◆ **Your objective**
A faithful copy of the listing below is needed, one that contains no pictures.

◆ **Data below**
%%
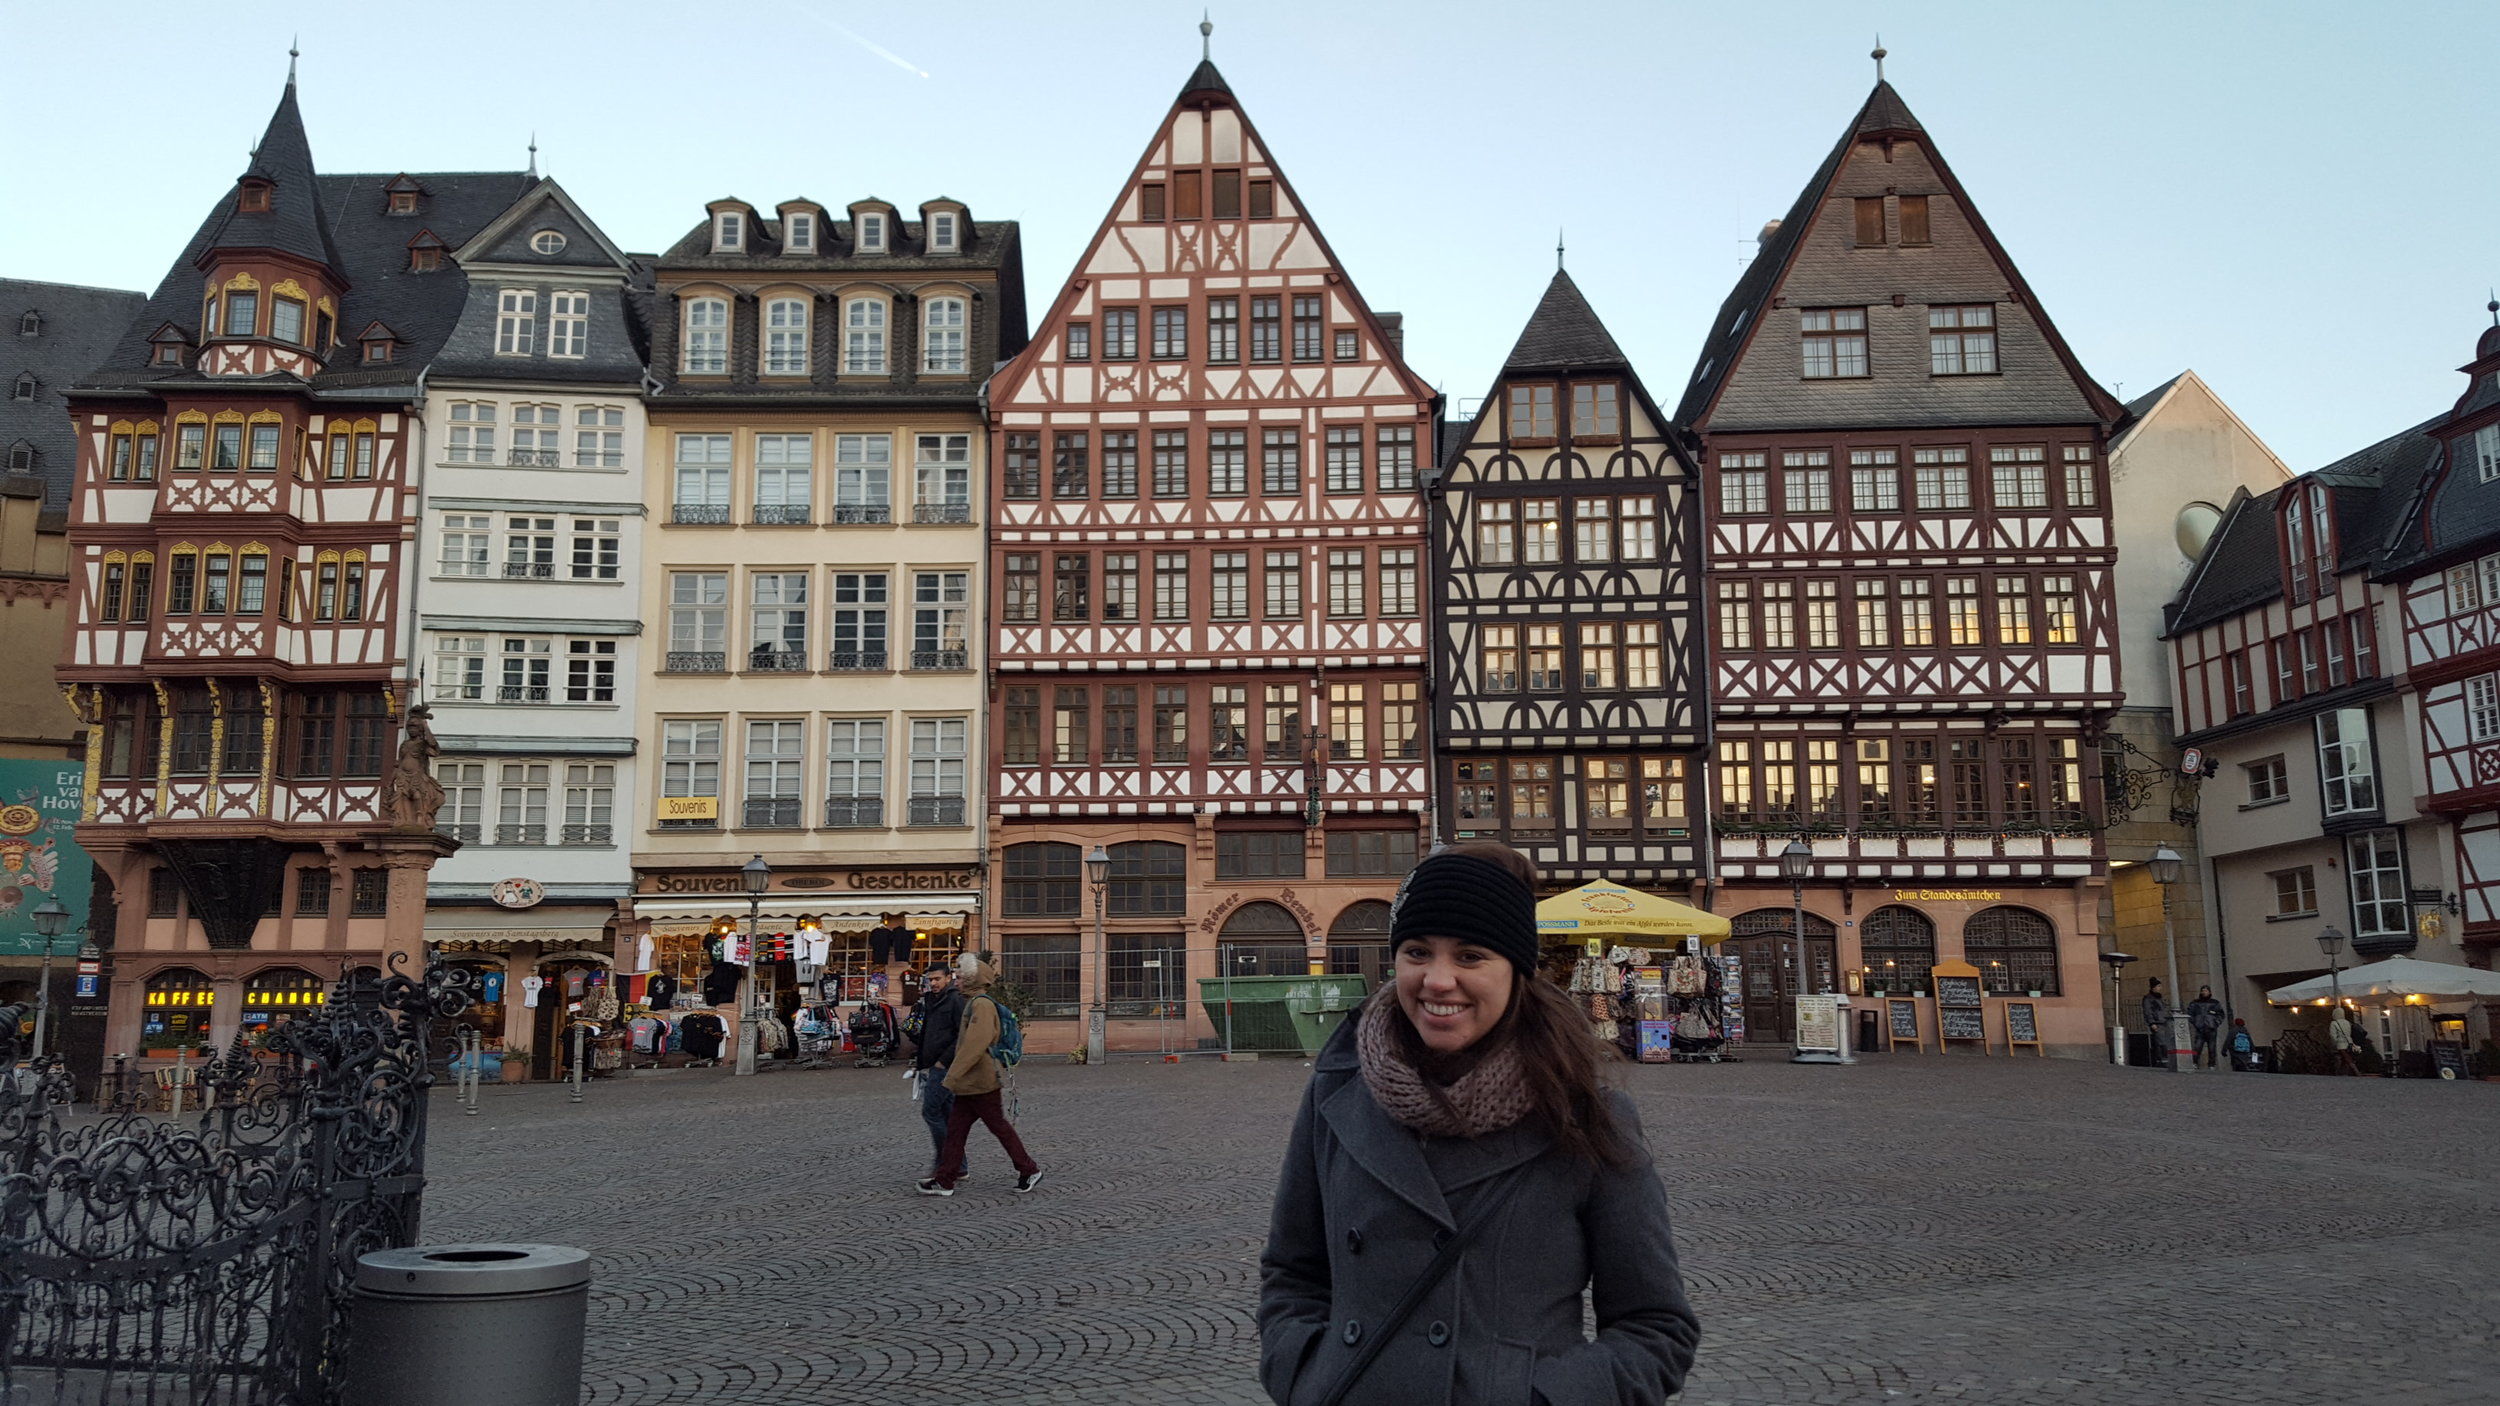 27-year-old Christian womderful woman Jessi
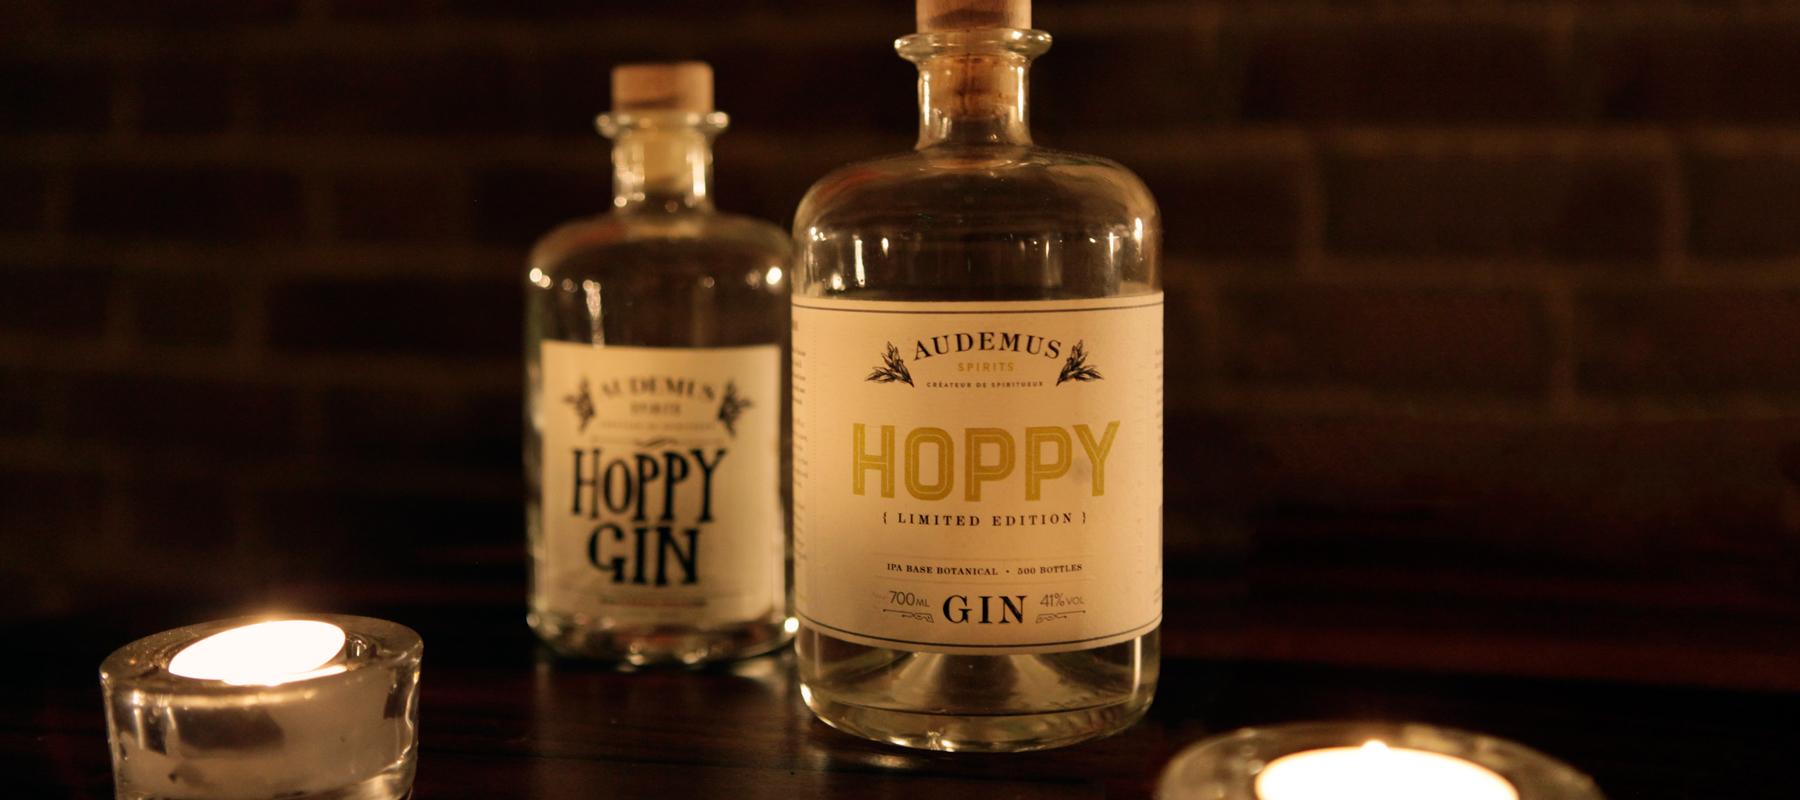 Hoppy Gin
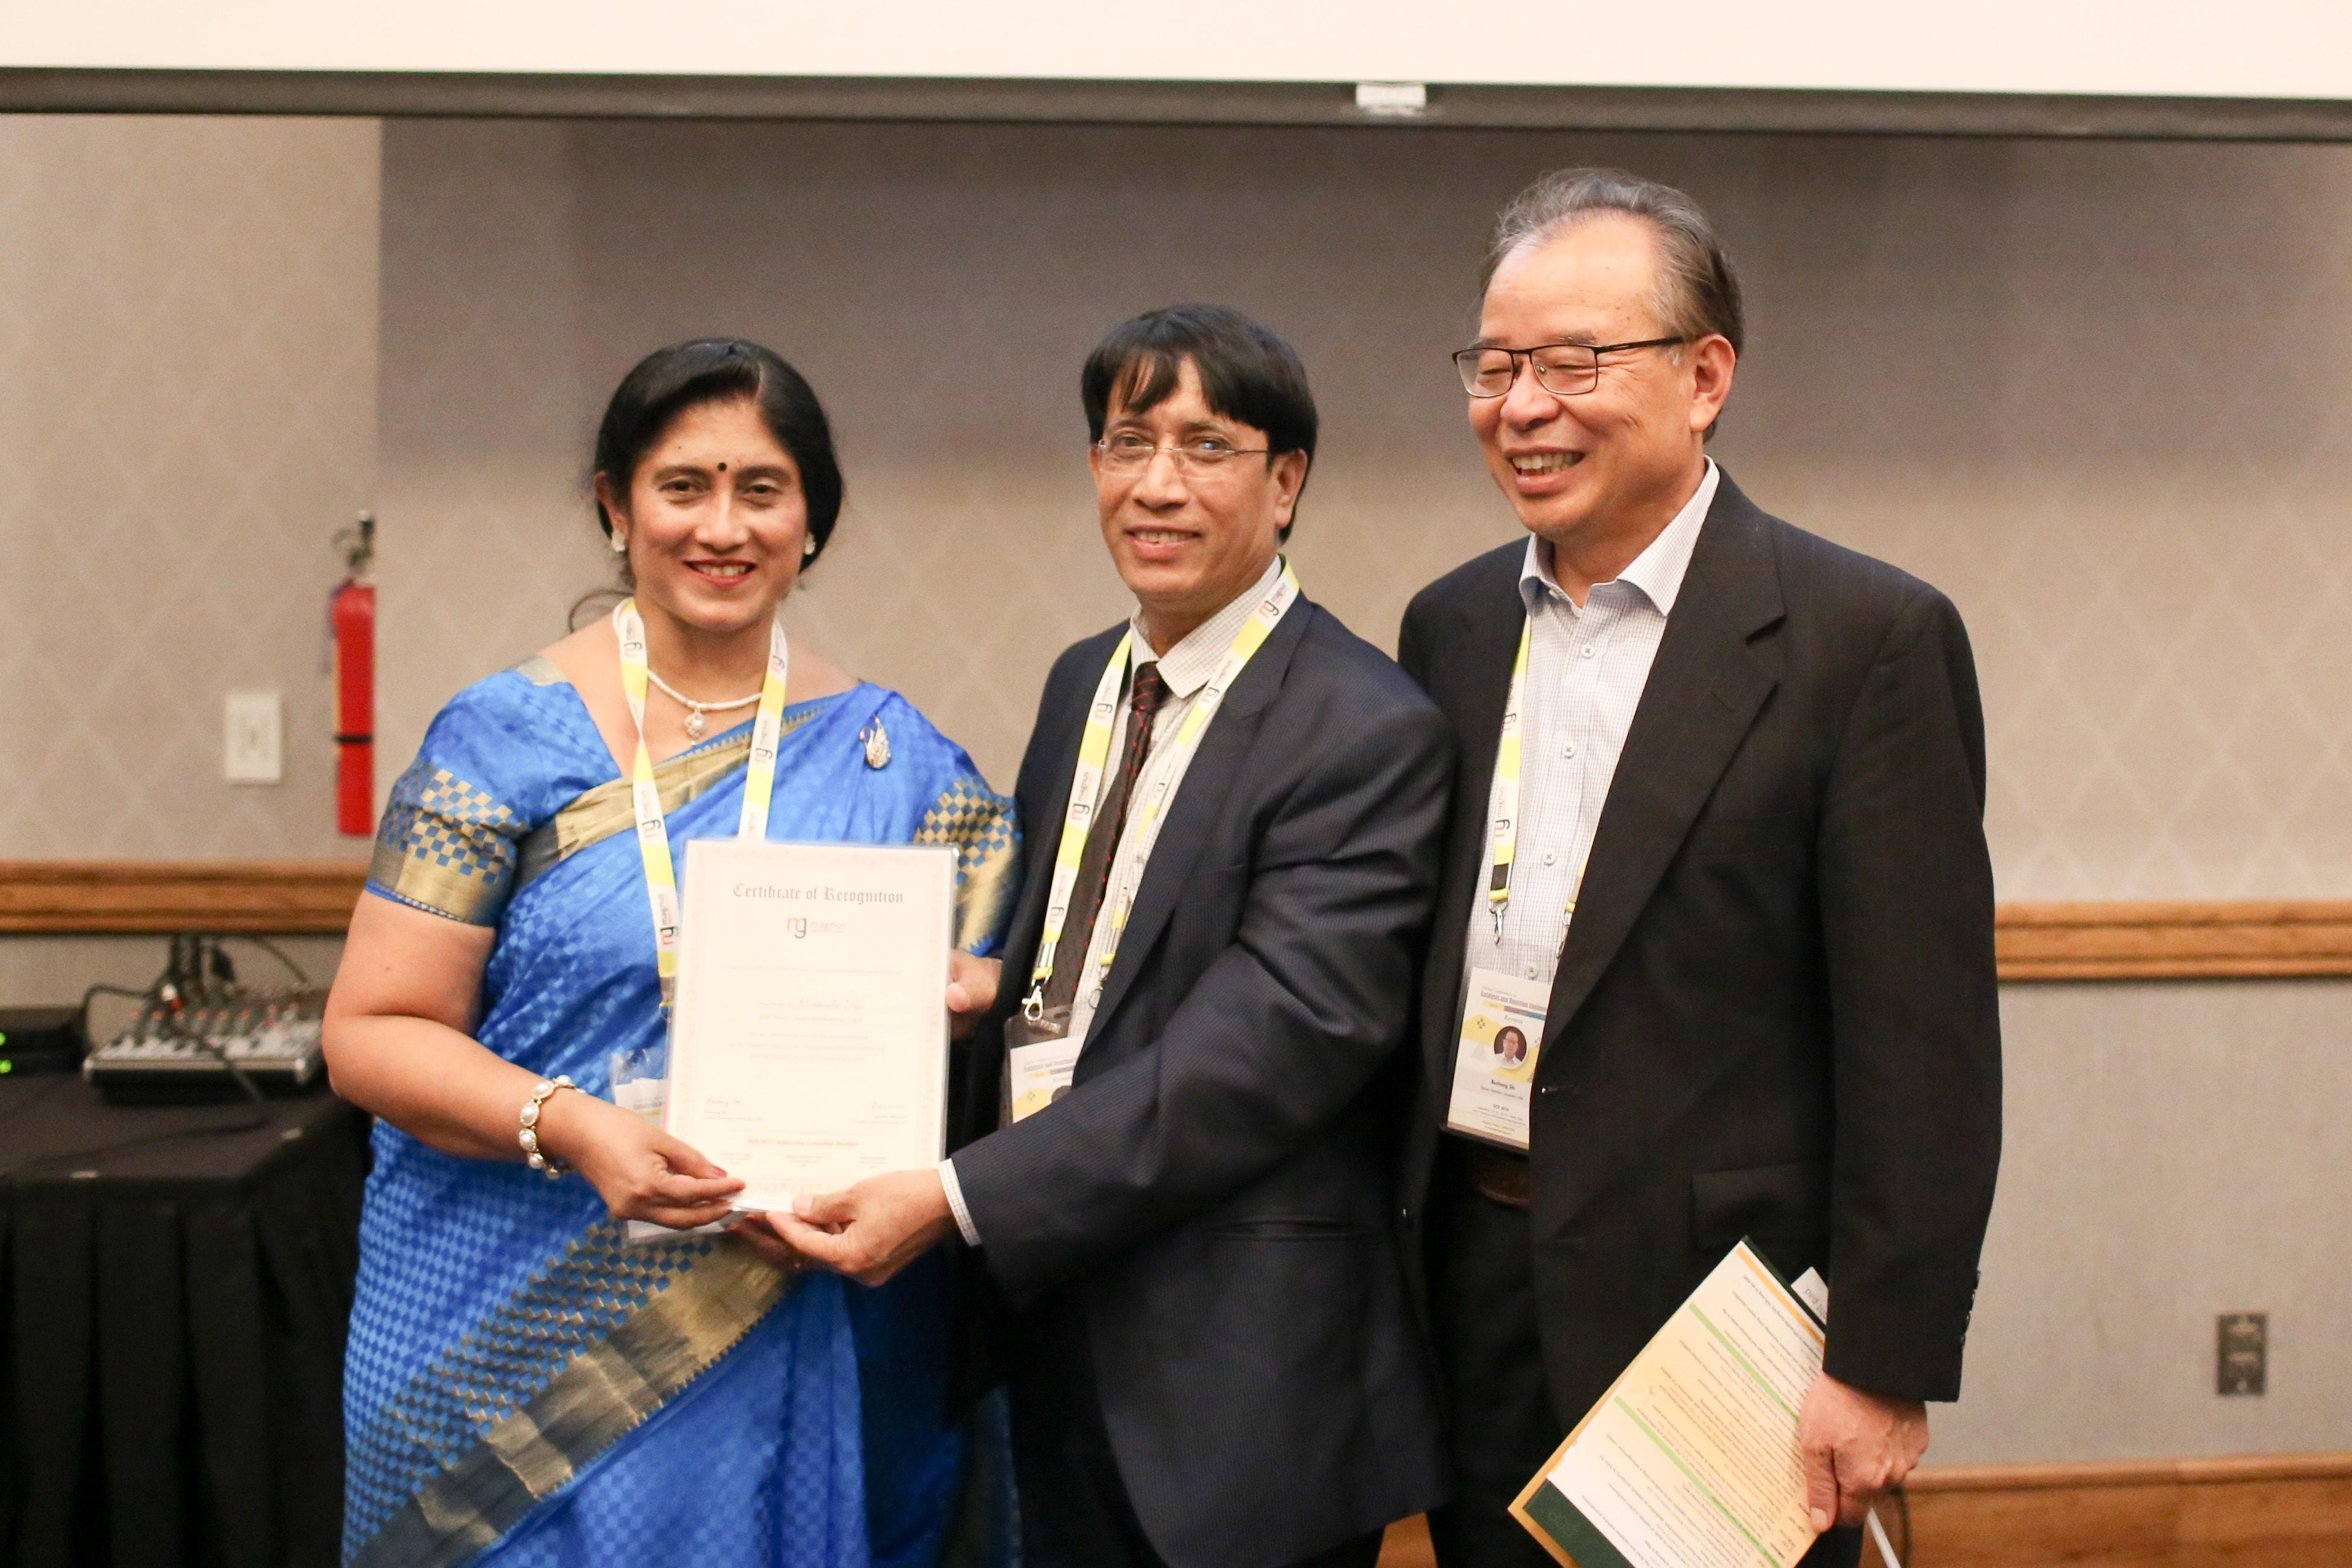 Nirmala Vaz felicitated by Dibakar Chandra Deka
%%
◆ **Worked solution**
 27-year-old Christian womderful woman Jessi
 Hoppy Gin
 Nirmala Vaz felicitated by Dibakar Chandra Deka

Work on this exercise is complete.